--- Records for the exercise Enclosed Below ---
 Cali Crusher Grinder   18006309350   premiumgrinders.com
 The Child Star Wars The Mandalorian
--- End of Enclosed Records for the exercise ---
--- Records for the exercise Enclosed Below ---
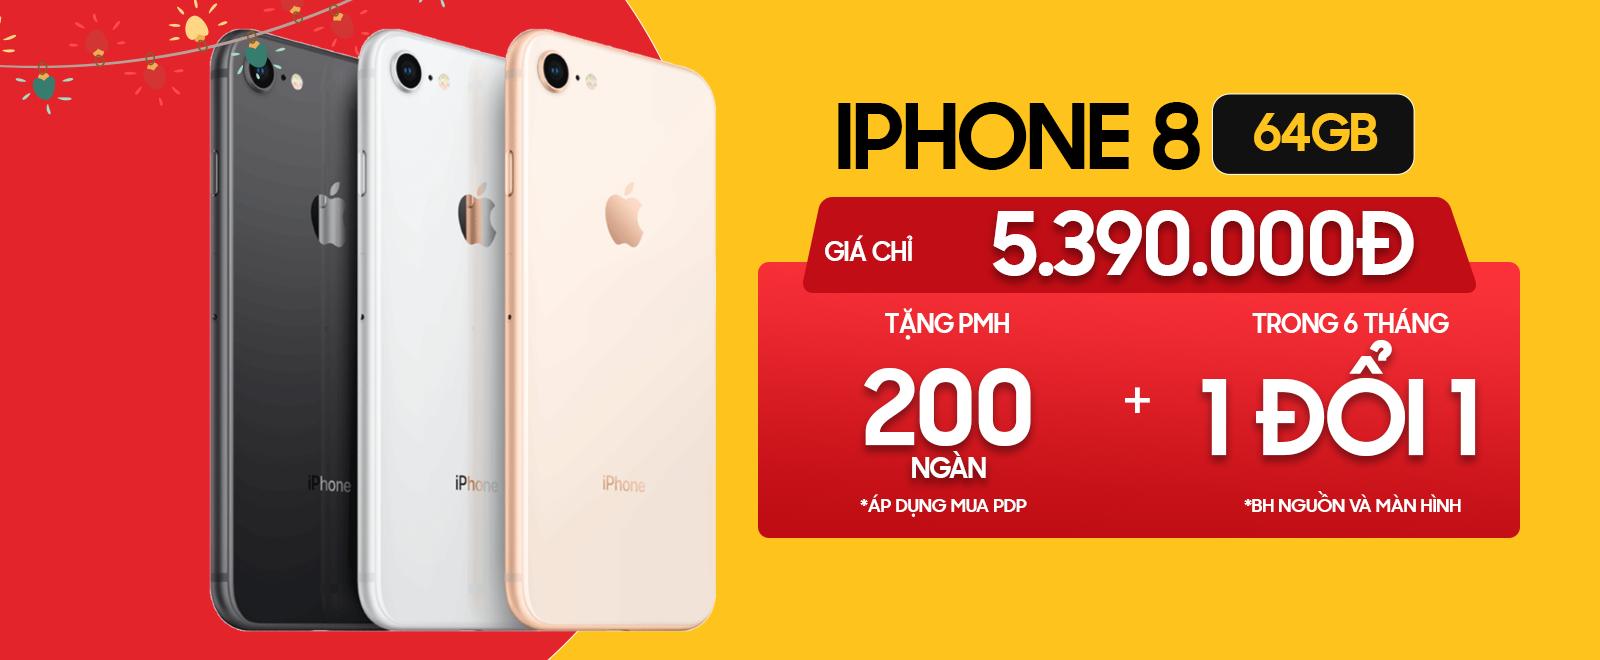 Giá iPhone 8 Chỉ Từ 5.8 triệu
--- End of Enclosed Records for the exercise ---
--- Records for the exercise Enclosed Below ---
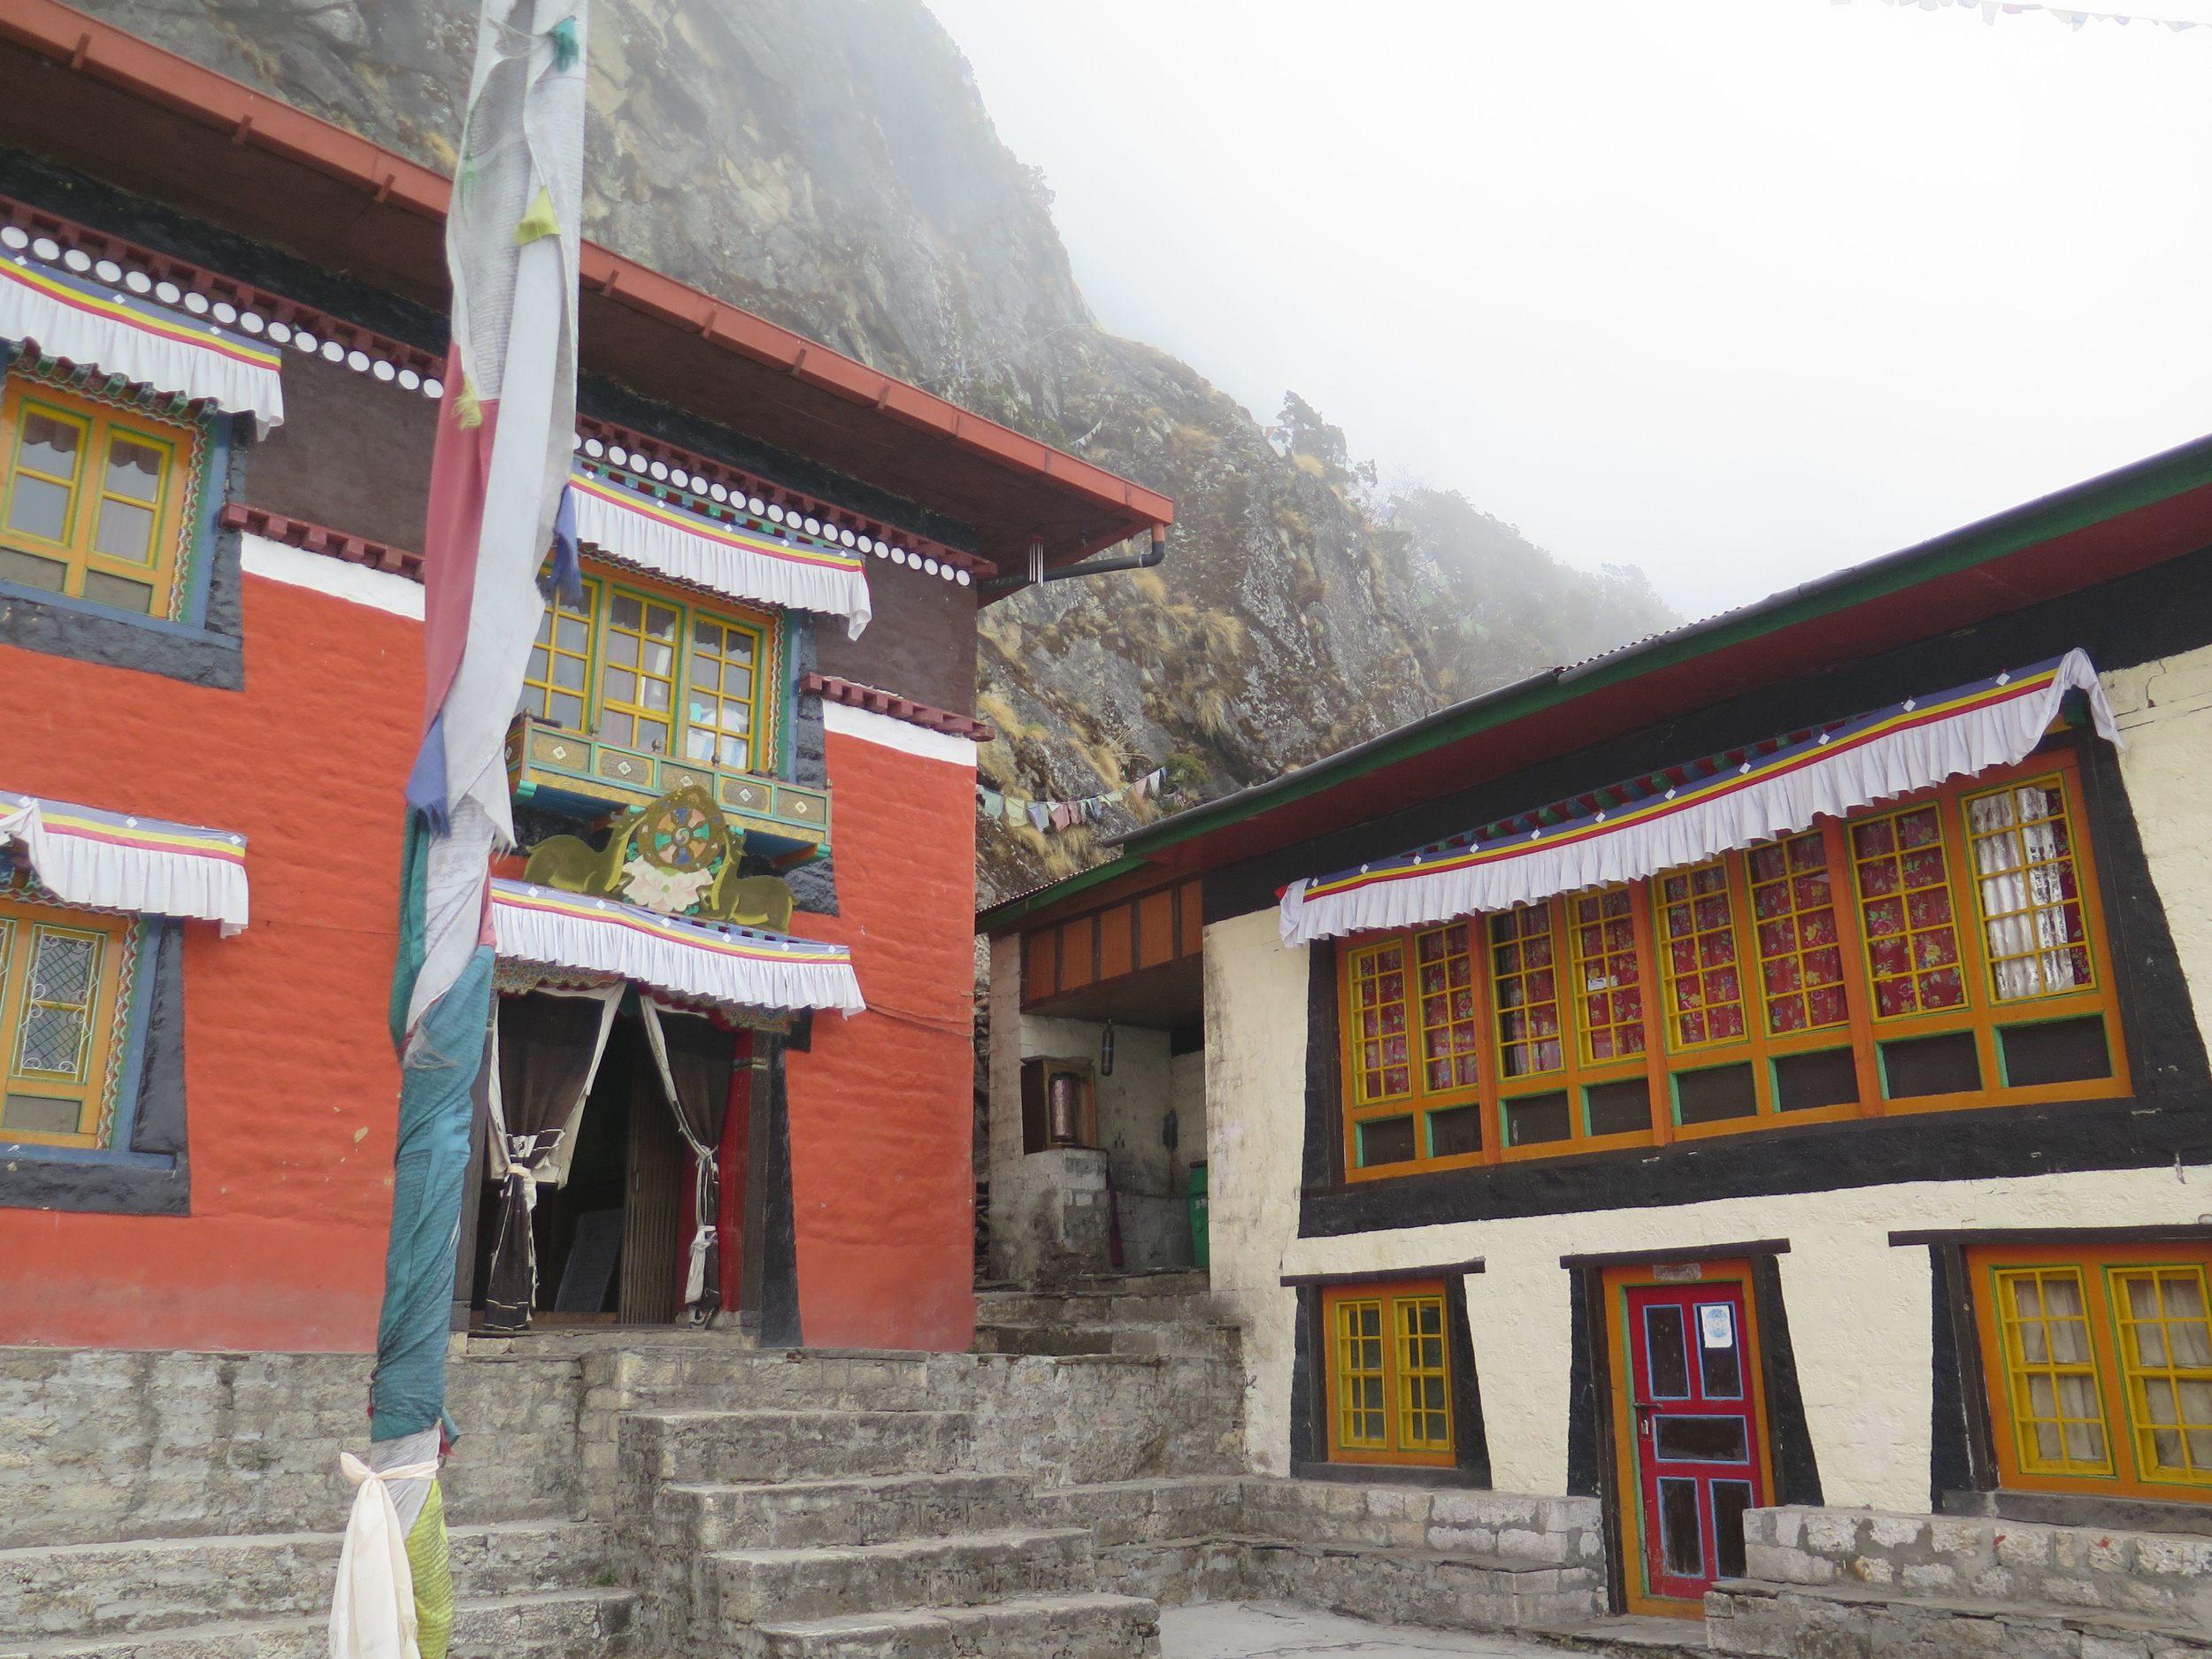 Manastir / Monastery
--- End of Enclosed Records for the exercise ---
> [Work required]: Taking the entries above, write out exactly each line from the one holding "Cali Crusher Grinder" to the one holding "The Child Star Wars The Mandalorian", both included, and stop there.

> [Answer to this problem]:
 Cali Crusher Grinder   18006309350   premiumgrinders.com
 The Child Star Wars The Mandalorian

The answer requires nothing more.